Tuesday, October 28, 2008

The Z-Factor

It's been less than a week since the Mariners announced Jack Zduriencik (zur-EN-sik) as their new GM and I'm already back against the dike, plugging holes with my little rationalizing fingers. On the other side is that vast sea of Mariners pessimism filled with the tears of the last five years.

Jack Zduriencik was a disappointing selection.

That's not to say that he's not qualified for the job. As scouting director for the Brewers, he rebuilt a tattered farm system, providing the solid core of young players that (with a healthy dose of Sabathia) put Milwaukee in the playoffs for the first time in my life. He's also famous for being the first non-GM to win Baseball America's Executive of the Year award.

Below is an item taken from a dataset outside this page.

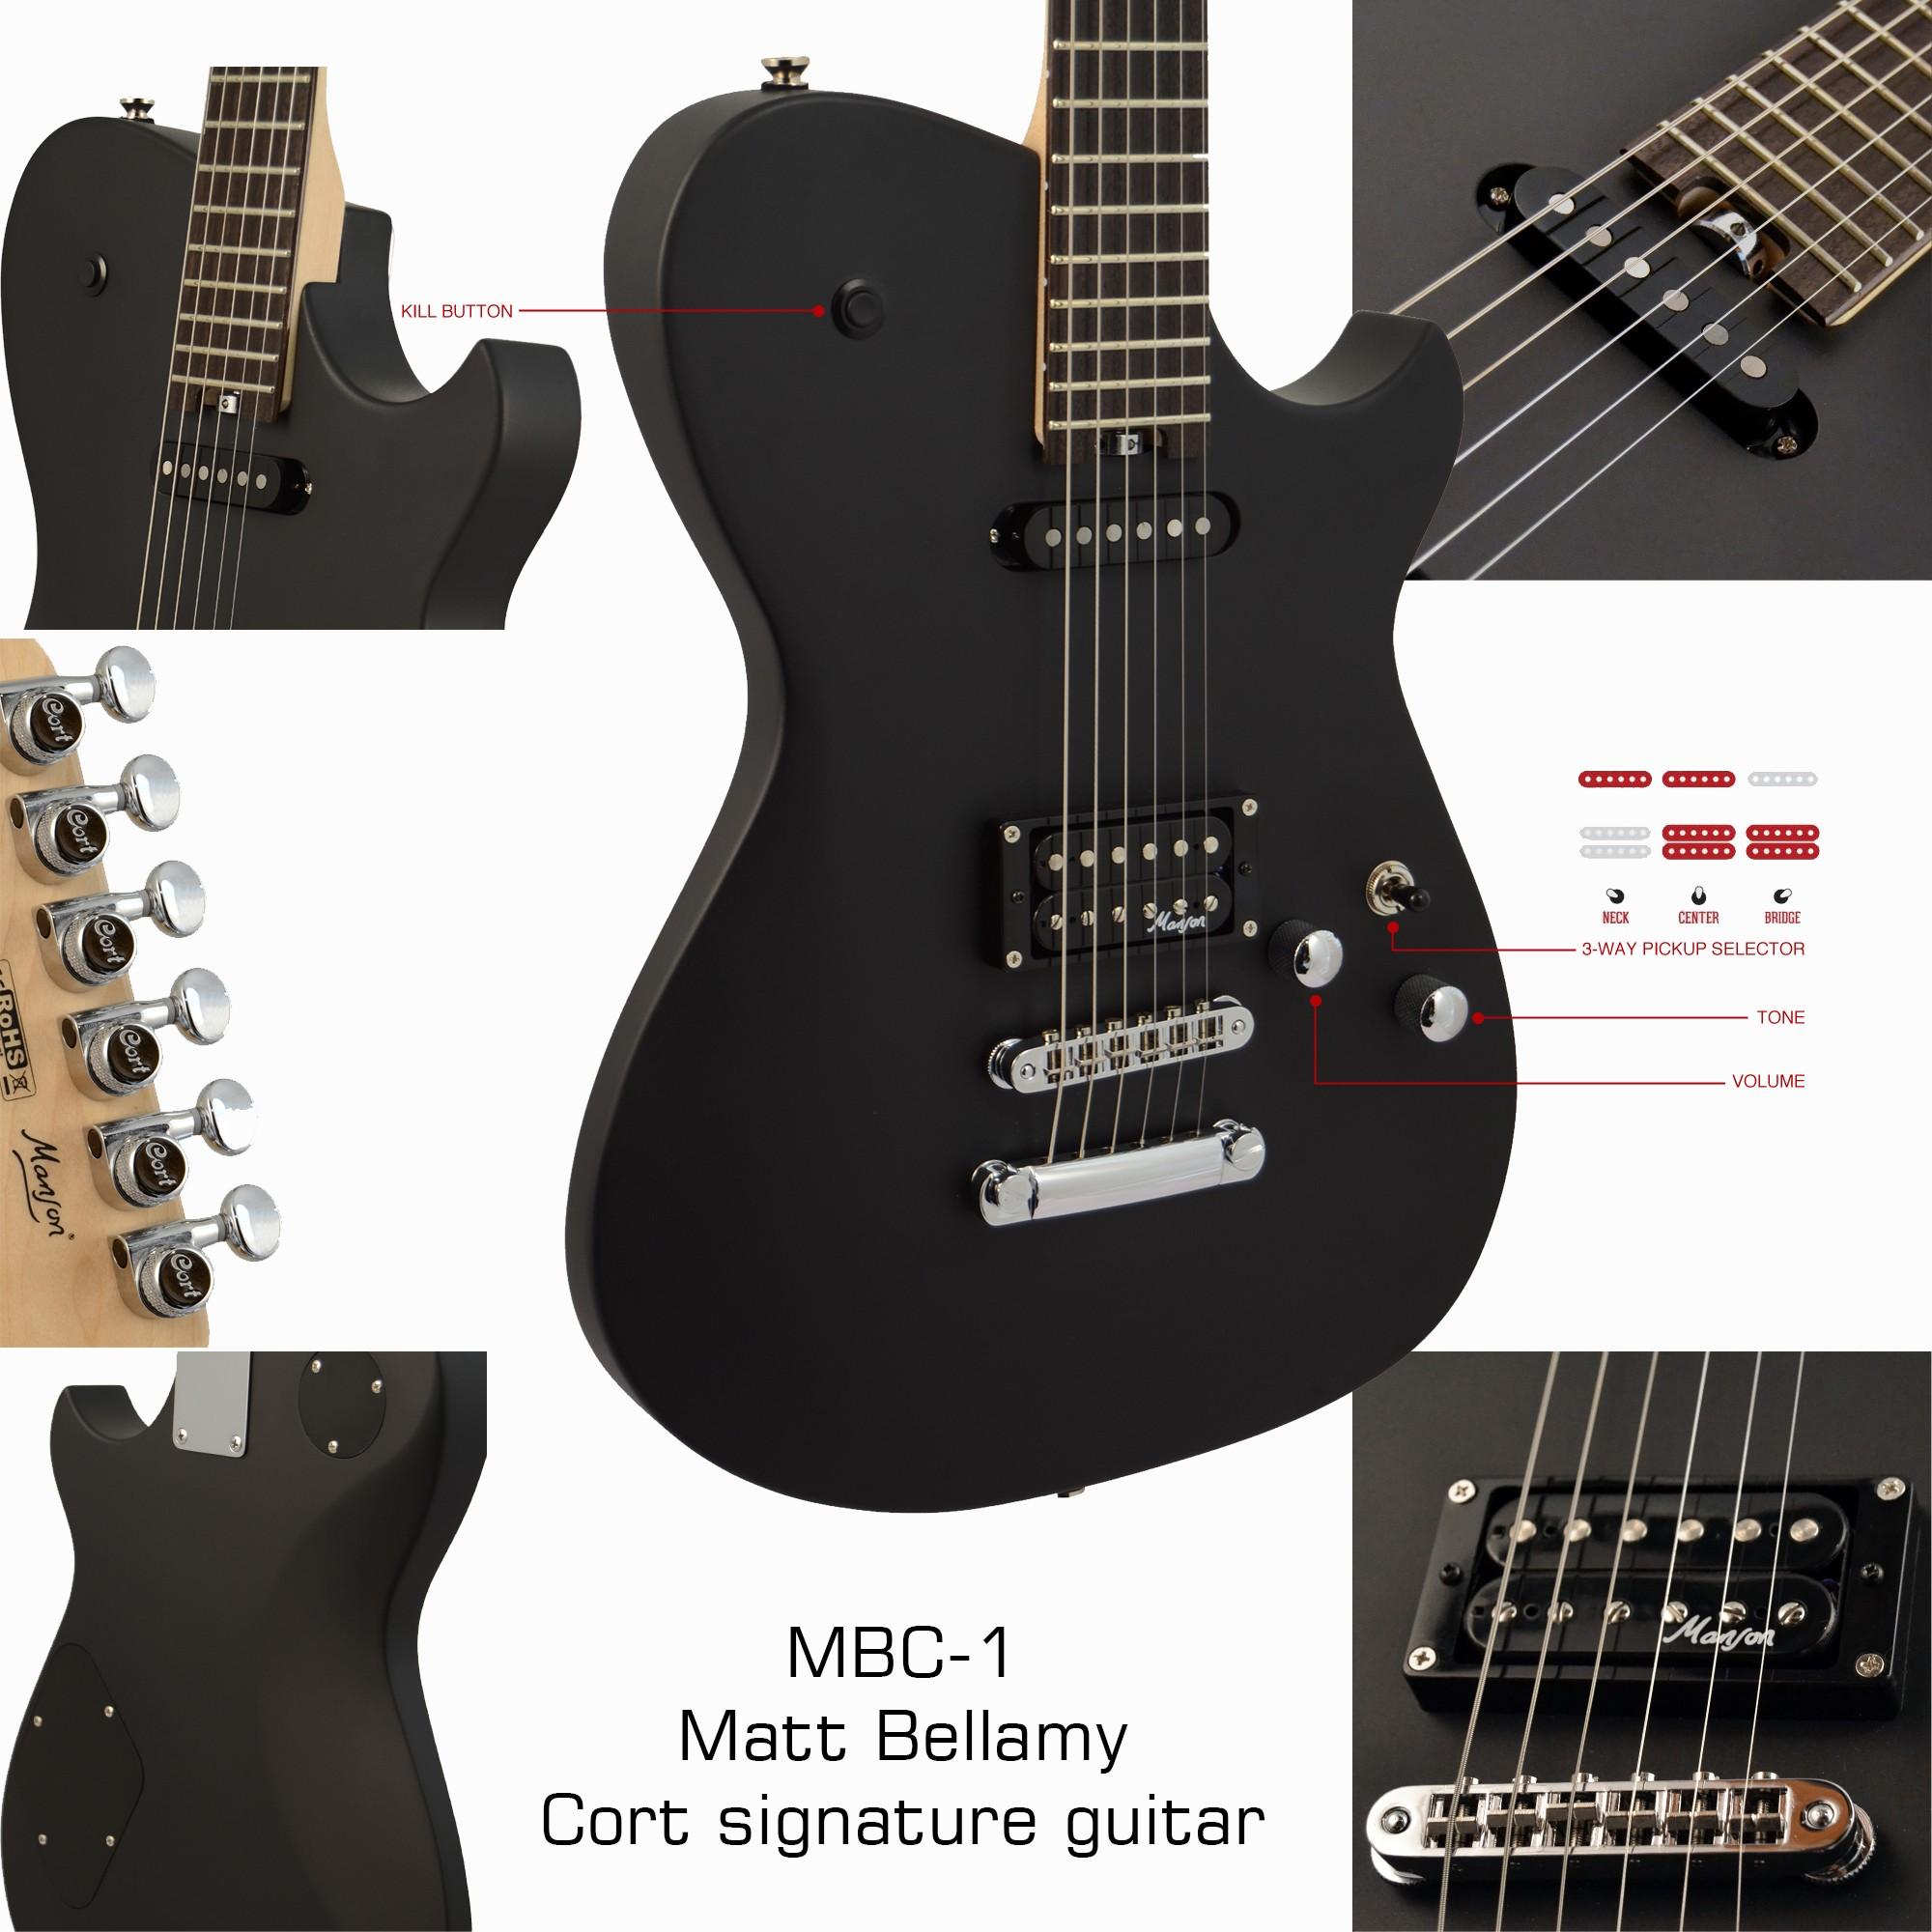 MBC-1 Matt Bellamy Cort signature guitar

But what the Mariners desperately needed was an analyst. The Mariners are a backwards, 20th-century organization, with weak technological infrastructure and little understanding of the advances in baseball research in the last 20 years. We just got rid of our Dan Duquette, our Chuck LaMar, but we didn't replace him with a Theo Epstein or Andrew Friedman. Instead, the Mariners tried to find the next John Schuerholz or Terry Ryan. If they found him, it's going to be a great decade of Mariners baseball, but it's a risk that just doesn't make a lot of sense.

Bill Bavasi was a terrible general manager at the major league level, but he oversaw huge increases and improvements in our amateur and international scouting programs. Scouting director Bob Fontaine and international scouting director Bob Engle are outstanding, by all accounts. And, although the Mariners player development program has been dubious at best, the amount of talent flowing into the system increased dramatically under Bavasi.

Though Bavasi's gone, all of those people and improvements are still in place. Scouting is a Mariner strength. Analysis is our glaring weakness. We consistently overpaid for the wrong skills, gave away far too much in trade, and assembled an expensive team of hacktastic lead gloves who slapped and bobbled their way to 101 losses. Given the budget the Mariners have run the last few years and our scouting success, there is absolutely no reason we shouldn't be contending for the division every year. And with a GM who really understands modern player valuation, we could.

Instead, the Mariners went out and got another top-notch scouting guy, making our current front-office talent redundant, and not addressing our major weaknesses at all.

But, here's the thing: I'm an optimist at heart, much to the chagrin of my biggest fan. I want to like Zduriencik and I want to be excited about the M's again. So, I convince myself that an old scout like Jack-Z must've learned a thing or two about modern statistical analysis from Doug Melvin in Milwaukee. He must notice the sustained success of the Red Sox, and the rapid improvement of the Rays. Or maybe he doesn't, but maybe it doesn't matter because the three-headed super-scouting team of Zduriencik, Fontaine, and Engle actually will turn us into the next Minnesota or Atlanta. Maybe Howie and Chuck knew what they were doing after all...

Jack Zduriencik's first move as general manager? Bob Fontaine was fired yesterday. And that dike just sprung another leak.